## [What the exercise asks]
Please retype the listing below word for word and exclude its images.

## [Data]
▬▬▬▬▬▬▬▬▬▬

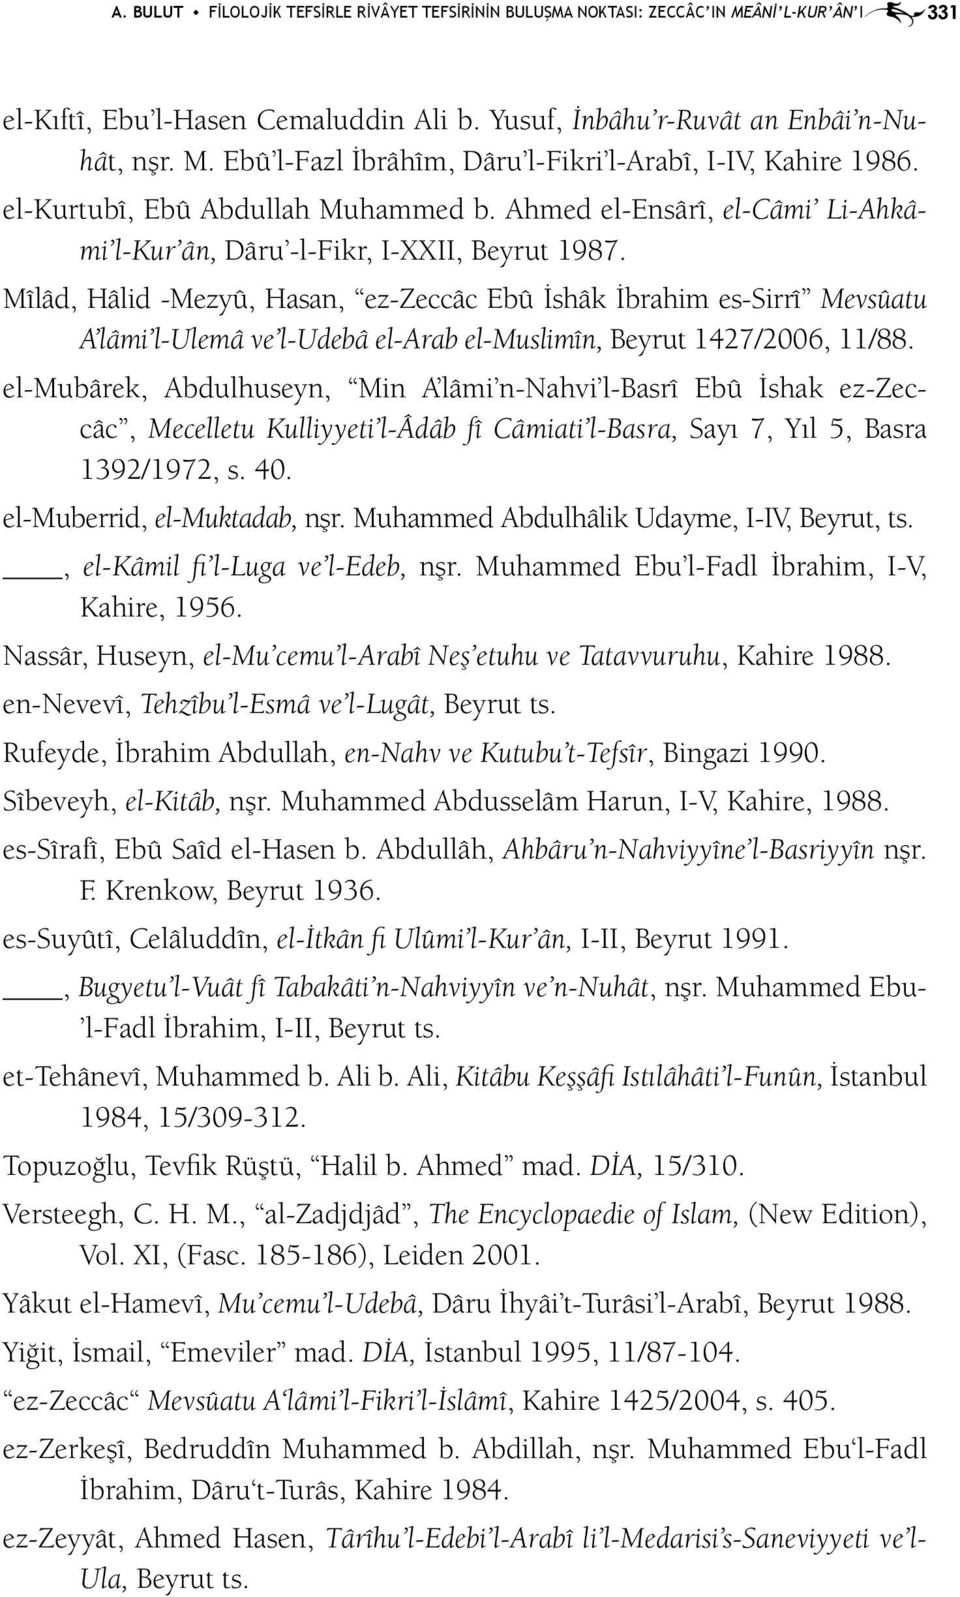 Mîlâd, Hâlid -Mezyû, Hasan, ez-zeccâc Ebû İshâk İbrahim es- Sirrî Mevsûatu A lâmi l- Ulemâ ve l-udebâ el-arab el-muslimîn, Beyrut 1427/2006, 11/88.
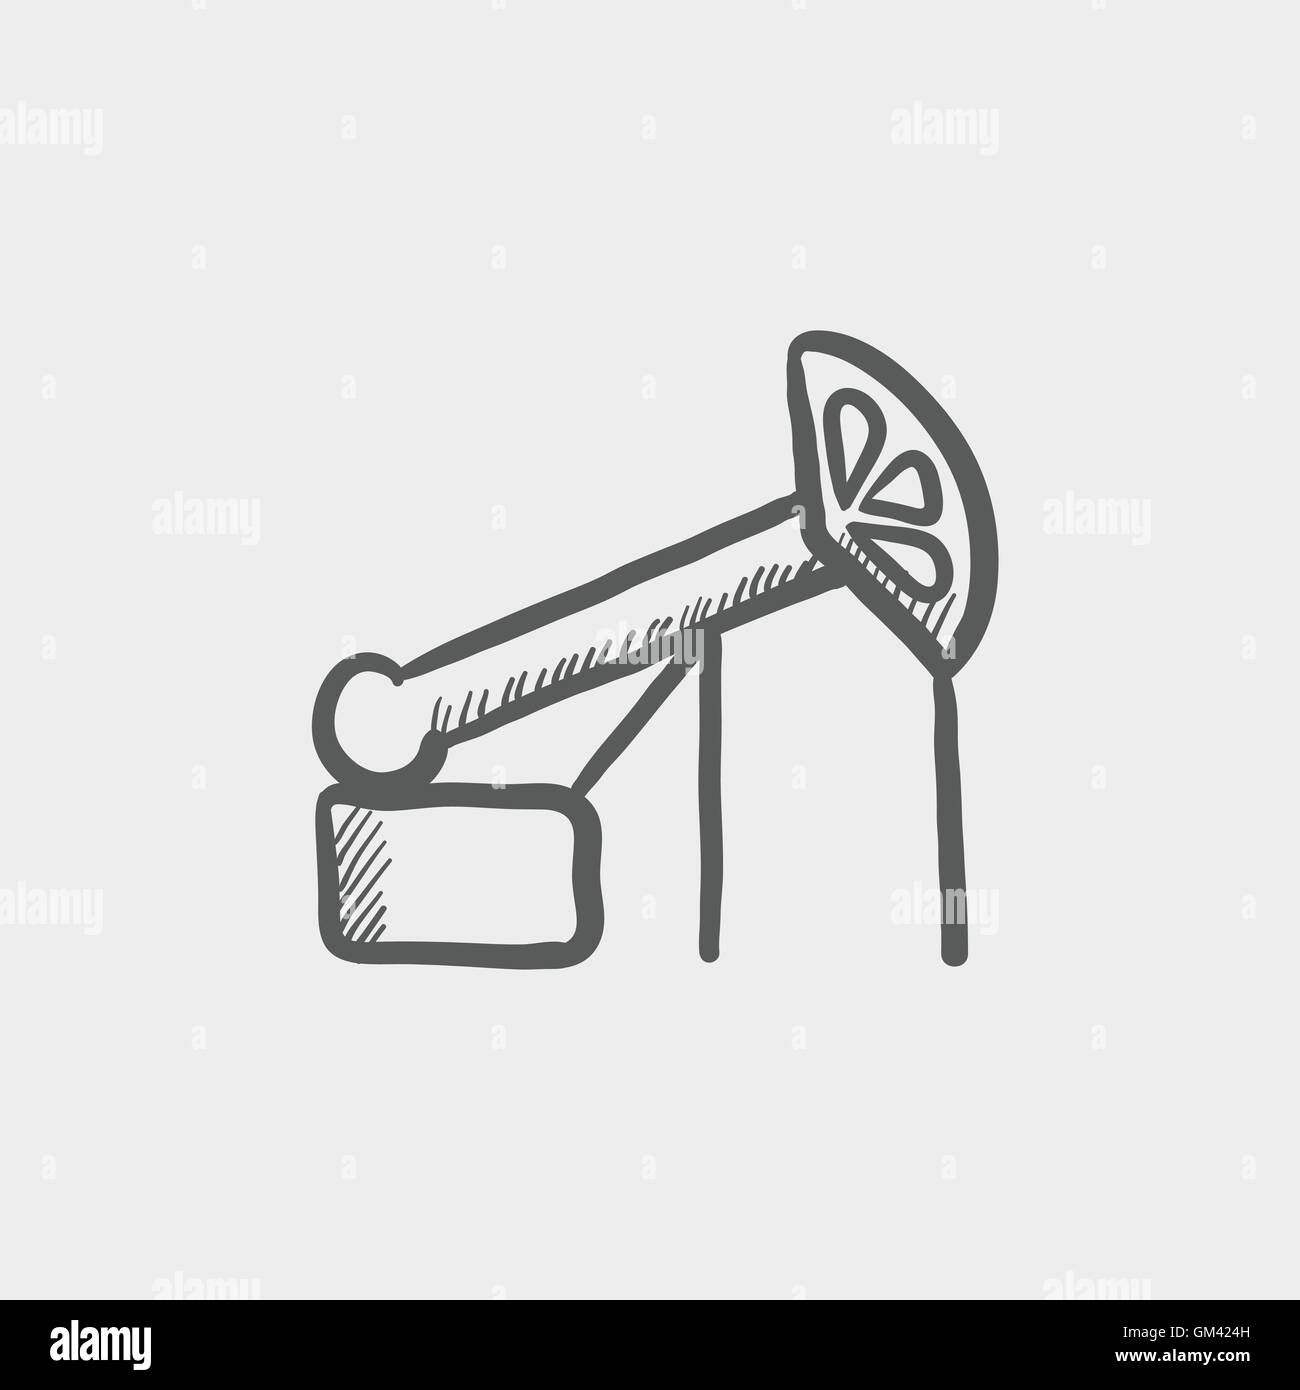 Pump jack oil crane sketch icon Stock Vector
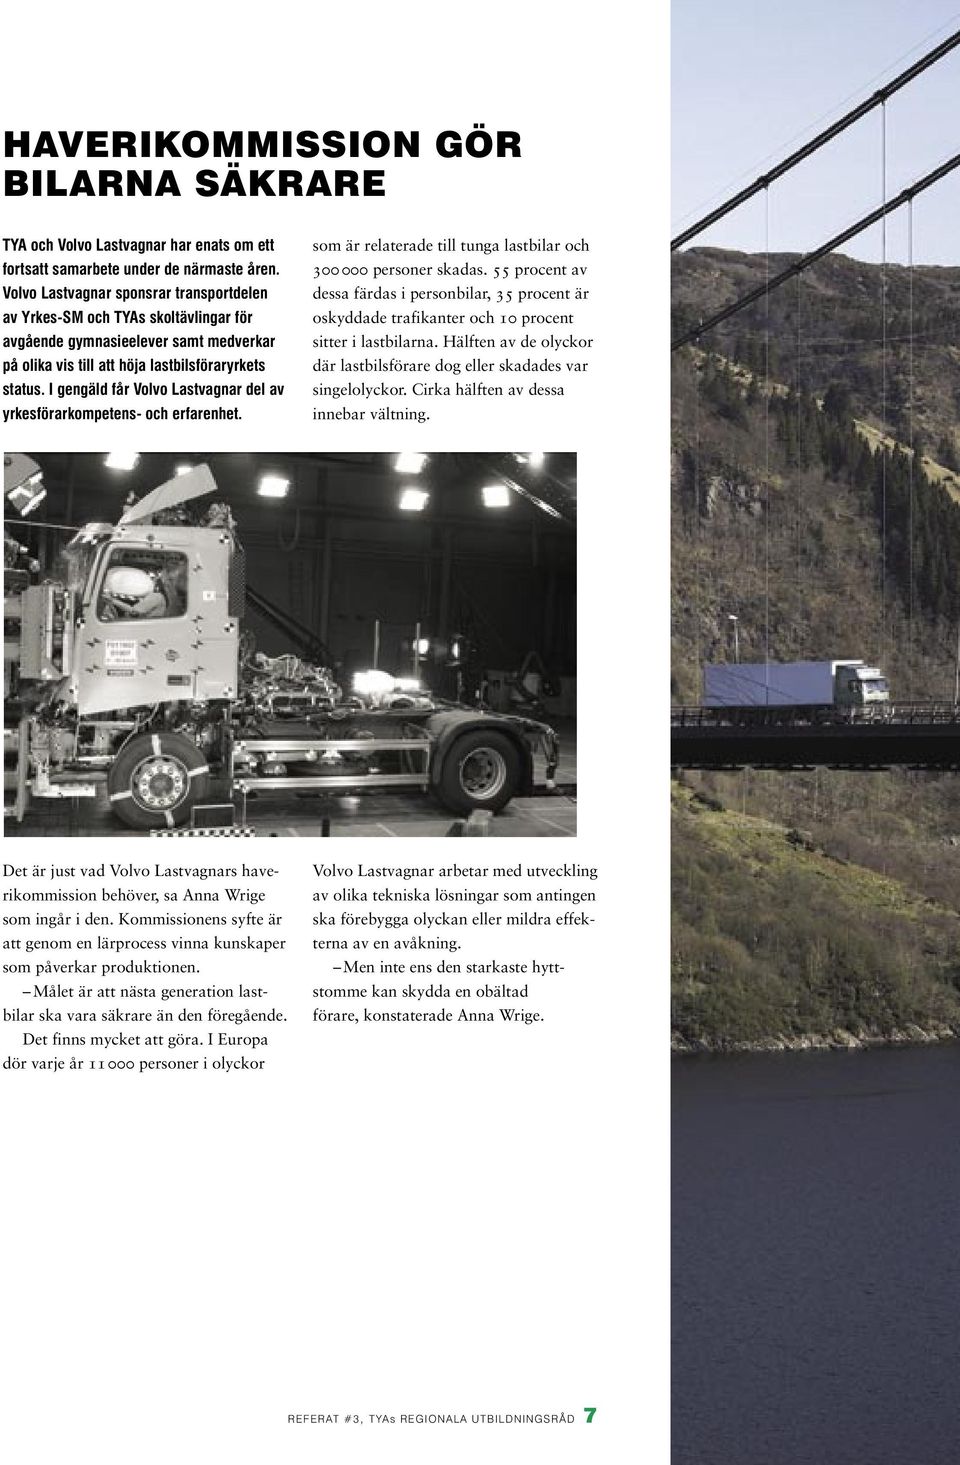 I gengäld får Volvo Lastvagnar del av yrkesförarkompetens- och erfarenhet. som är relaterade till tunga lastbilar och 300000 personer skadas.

▬▬▬▬▬▬▬▬▬▬

## [Response to this exercise]
 Mîlâd, Hâlid -Mezyû, Hasan, ez-zeccâc Ebû İshâk İbrahim es- Sirrî Mevsûatu A lâmi l- Ulemâ ve l-udebâ el-arab el-muslimîn, Beyrut 1427/2006, 11/88.
 Pump jack oil crane sketch icon Stock Vector
 I gengäld får Volvo Lastvagnar del av yrkesförarkompetens- och erfarenhet. som är relaterade till tunga lastbilar och 300000 personer skadas.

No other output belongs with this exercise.